Today’s hymn from Sing Praise is the first of two on consecutive days by the Scottish hymnwriters John Bell & Graham Maule, both in the series on social justice issues. Both of them invite us to join our own concerns with those of God. This one, “Inspired by love and anger”, puts words into the mouths of various groups before turning to God himself. The full words can be found here.The tune, Salley Gardens, is a gentle Irish folk melody, easily memorised, but perhaps a little too gentle for the subject matter
Verse 1 invites us to be “inspired by love and anger, disturbed by need and pain”. It’s all too easy to suffer compassion fatigue as we hear of yet more suffering in the world (just this week, uncountable Covid cases in India and two localised disasters in Israel and Mexico, for example). “How long can few folk mind?” may well be a question aimed at ourselves.

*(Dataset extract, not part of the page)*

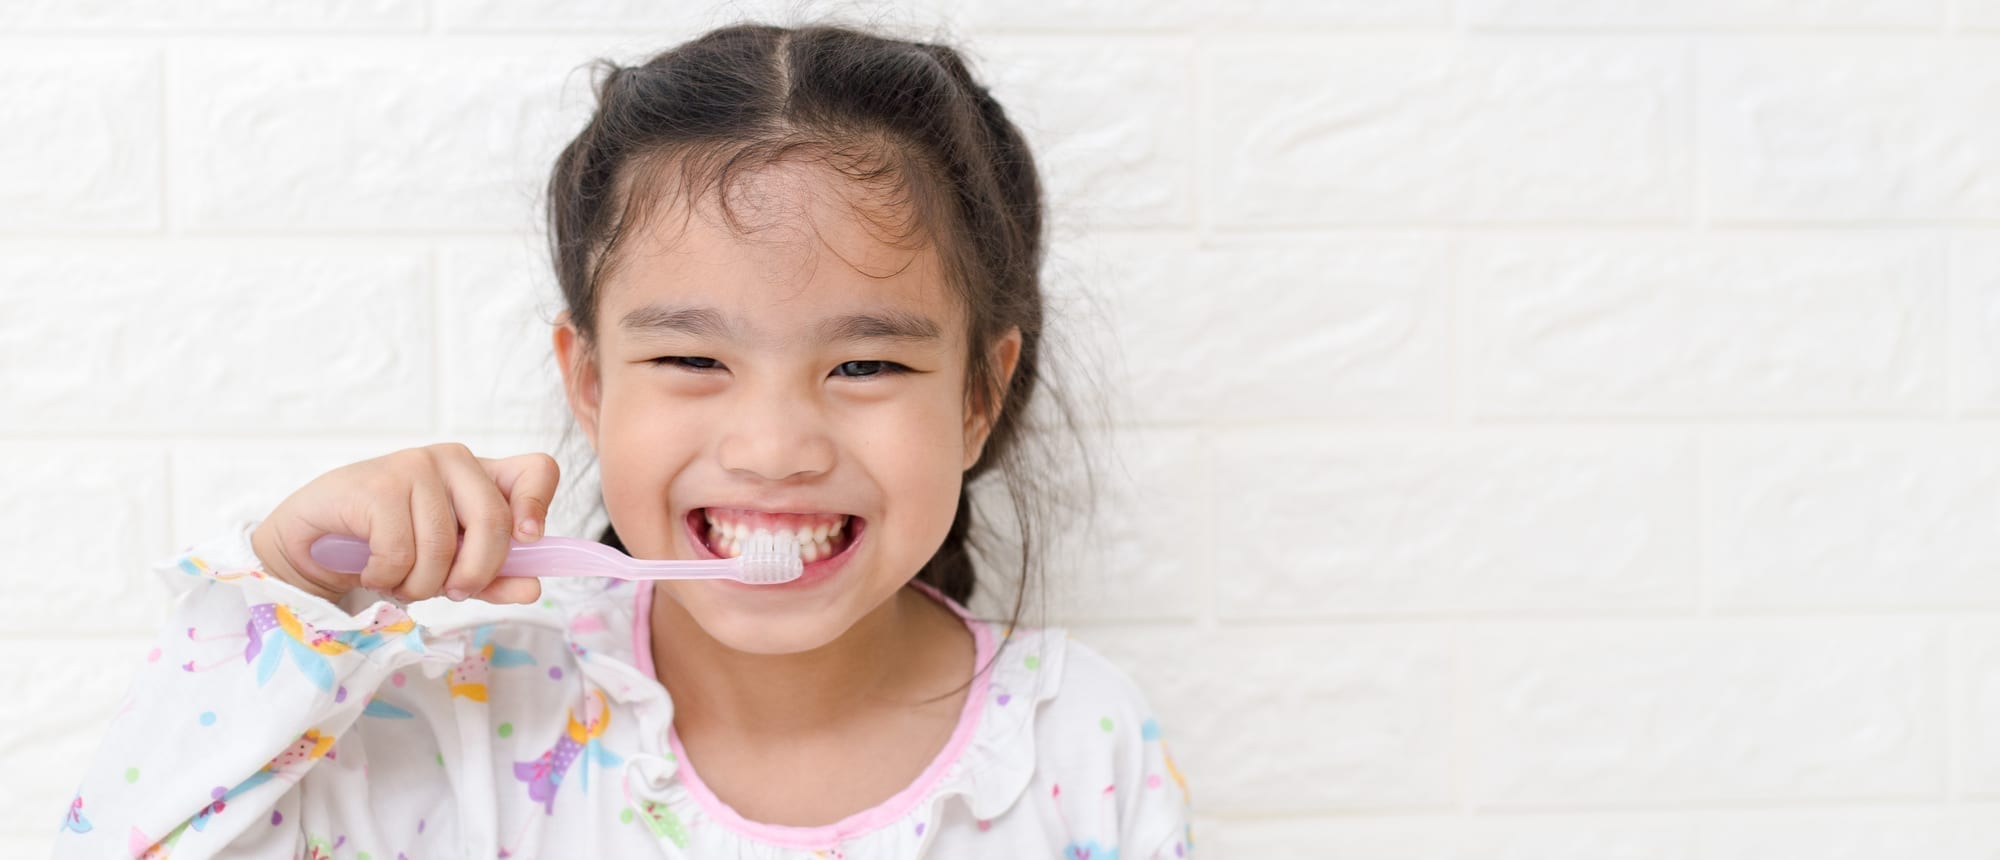 Parents Beware: 5 Common Oral Health Problems in Children
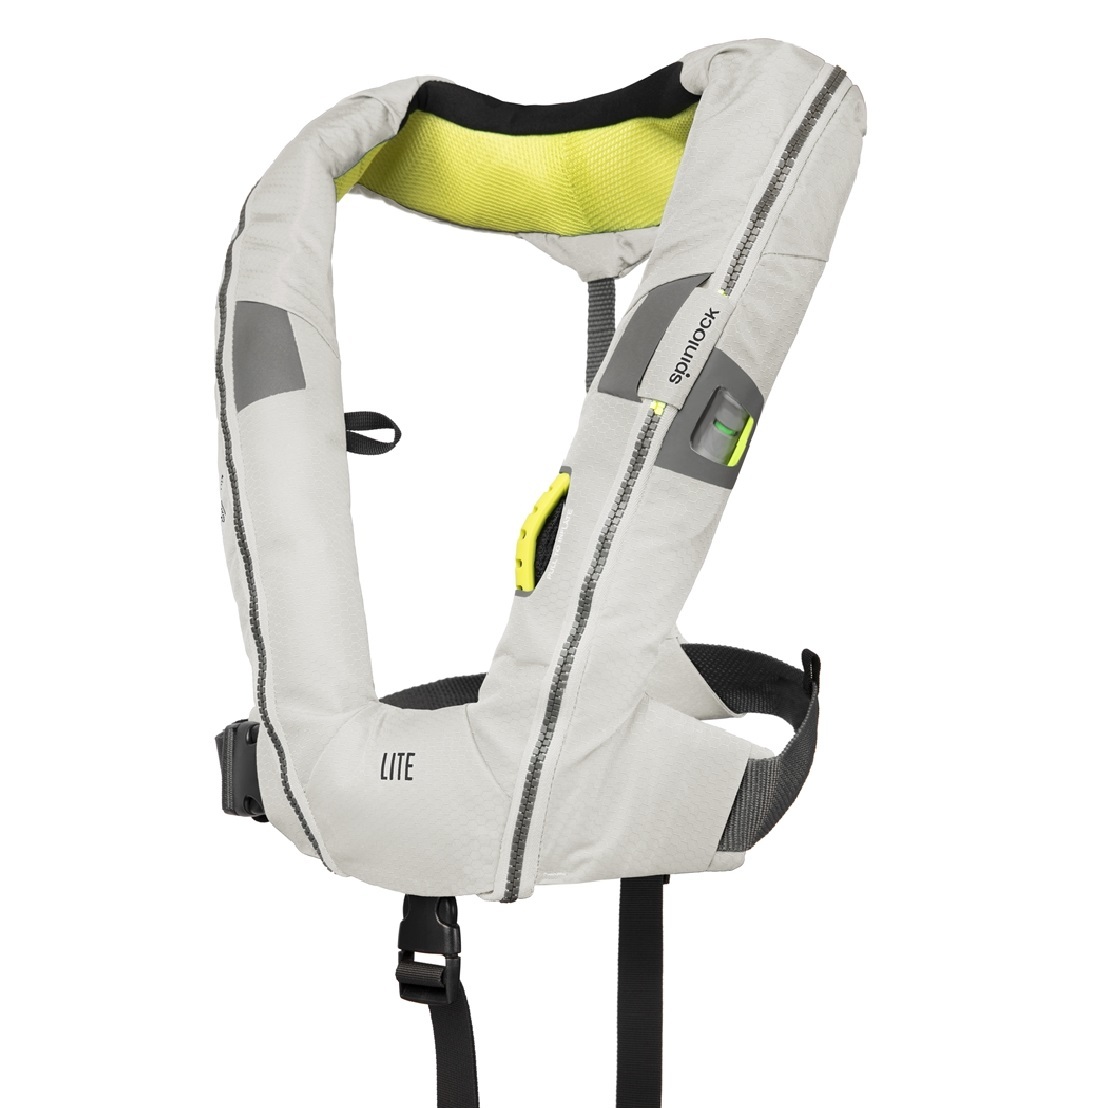 Deckvest Lite & Lite+ inflatable lifejacket

Verses 2 and 3 offer a contrast between the cries of the victims for justice, peace, and release of prisoners; and the rich who ask not to be criticised for their position, wealth and exploitation of others. To be fair, not all rich people are like that: Bill Gates is said the be the fourth richest person in the world with assets exceeding $100 billion, but he and Melinda are also great philanthropists who do genuinely seem to seek fairness in the world.
In verse 4 we offer up to God the “agony and rage” of Earth and ask when his kingdom of equity will come. In verse 5, God responds by asking, as he did through Isaiah, “Who will go for me, who will extend my reach, and who when few will listen will prophesy and preach?” A common response to that question is “Is it I, Lord?”. This is prayer as dialogue leading to action.
The last verse turns to Jesus, using some imaginative wording. He is pictured “amused in someone’s kitchen, asleep in someone’s boat” as examples of being with us in ordinary life. His ministry is summed up as being “a saviour without safety, a tradesman without tools”. It’s not a very satisfactory ending, as it doesn’t really explain how God in Jesus – or in us – does answer the earth’s call for justice. We need more guidance from this sleeping saviour on how exactly we are to work with him in this way.